1. Safety Stock Formula
The buffer inventory held to protect against demand variability and lead time uncertainty. The most searched formula in supply chain planning.
Basic Safety Stock
SS = Z × σd × √LT
Z = service level z-score (1.28 for 90%, 1.65 for 95%, 2.33 for 99%) · σd = std dev of demand · LT = lead time in periods
Excel: =NORM.S.INV(0.95) * STDEV(demand_range) * SQRT(lead_time)
Safety Stock with Lead Time Variability
SS = Z × √(LT × σd² + d̄² × σLT²)
d̄ = average demand per period · σLT = std dev of lead time · Accounts for BOTH demand and supply uncertainty
2. Economic Order Quantity (EOQ)
The optimal order size that minimises total inventory cost — balancing ordering cost against holding cost.
EOQ Formula
EOQ = √(2DS / H)
D = annual demand · S = ordering cost per order · H = holding cost per unit per year
Excel: =SQRT(2 * annual_demand * order_cost / holding_cost)
3. Reorder Point (ROP)
The inventory level at which a new order should be placed to avoid stockout during replenishment lead time.
Reorder Point
ROP = (d̄ × LT) + Safety Stock
d̄ = average daily demand · LT = lead time in days · Safety stock provides the buffer
Excel: =AVERAGE(daily_demand) * lead_time + safety_stock
4. MAPE — Mean Absolute Percentage Error
The industry standard forecast accuracy metric. Expresses error as a percentage of actual demand.
MAPE
MAPE = (1/n) × Σ(|Actual - Forecast| / Actual) × 100%
Below 20% = good · Below 10% = excellent · Above 30% = needs intervention
Excel: =AVERAGE(ABS(actual-forecast)/actual) * 100
5. Forecast Bias
The systematic tendency to consistently over-forecast or under-forecast. MAPE alone cannot detect bias.
Forecast Bias
Bias = (1/n) × Σ(Actual - Forecast)
Positive = chronic under-forecasting (stockout risk) · Negative = chronic over-forecasting (excess inventory)
6. Tracking Signal
The cumulative bias detection alarm. When it exceeds ±4, the forecast is systematically biased.
Tracking Signal
TS = CFE / MAD
CFE = Σ(Actual - Forecast)
MAD = (1/n) × Σ|Actual - Forecast|
|TS| > 4 = bias confirmed · |TS| > 6 = critical · Recalibrate model immediately
7. Inventory Turnover
How many times inventory is sold and replaced in a year. Higher turns = more efficient capital use.
Inventory Turnover
Turns = COGS / Average Inventory
FMCG: 8-12x · Manufacturing: 4-8x · Spare parts: 2-4x · Luxury: 1-3x
Excel: =COGS / AVERAGE(inventory_start, inventory_end)
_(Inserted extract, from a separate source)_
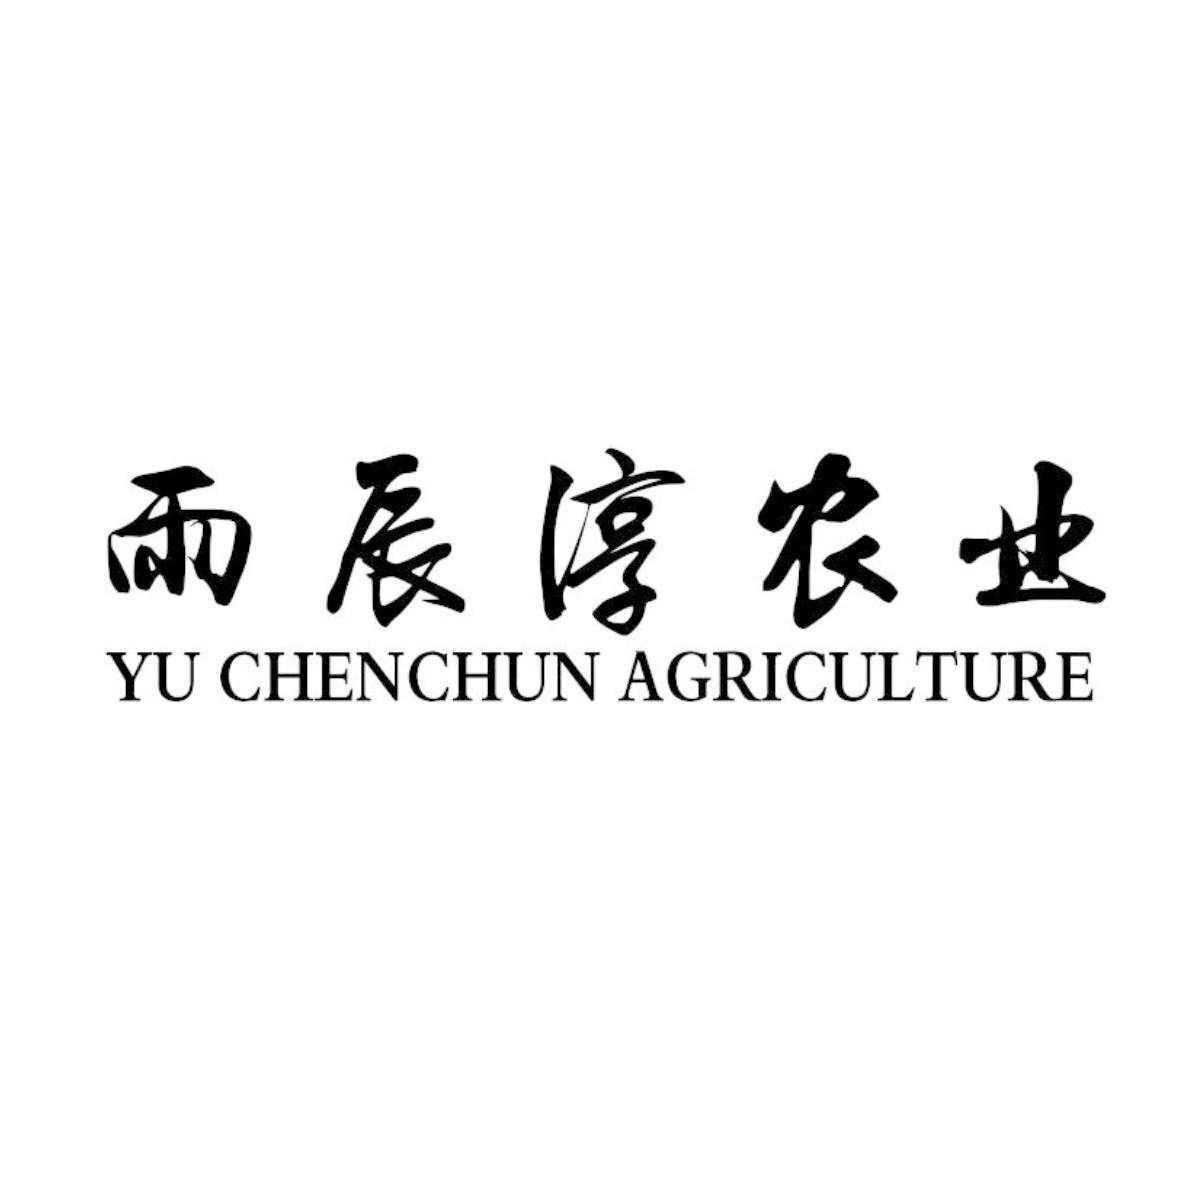 yuchen客户端的包huangyuchenzhuoheiregular

8. Days of Supply (DOS / DIO)
Days of Supply
DOS = Average Inventory / (COGS / 365)
Also: DOS = 365 / Inventory Turnover · Lower is generally better · Target depends on lead time + safety stock
9. Fill Rate
Fill Rate (Line Level)
Fill Rate = (Units Shipped / Units Ordered) × 100%
Order fill rate = (Complete Orders / Total Orders) × 100% · Target: 95-98%
10. OTIF — On-Time In-Full
OTIF
OTIF = (Orders On-Time AND In-Full / Total Orders) × 100%
Both conditions must be met simultaneously · Walmart penalty: 3% of COGS · Target: 92-96%
11. Cash-to-Cash Cycle Time
Cash-to-Cash (C2C)
C2C = DIO + DSO - DPO
DIO = Days Inventory Outstanding · DSO = Days Sales Outstanding · DPO = Days Payable Outstanding
Lower is better · Negative C2C = you collect cash before paying suppliers (e.g. Amazon)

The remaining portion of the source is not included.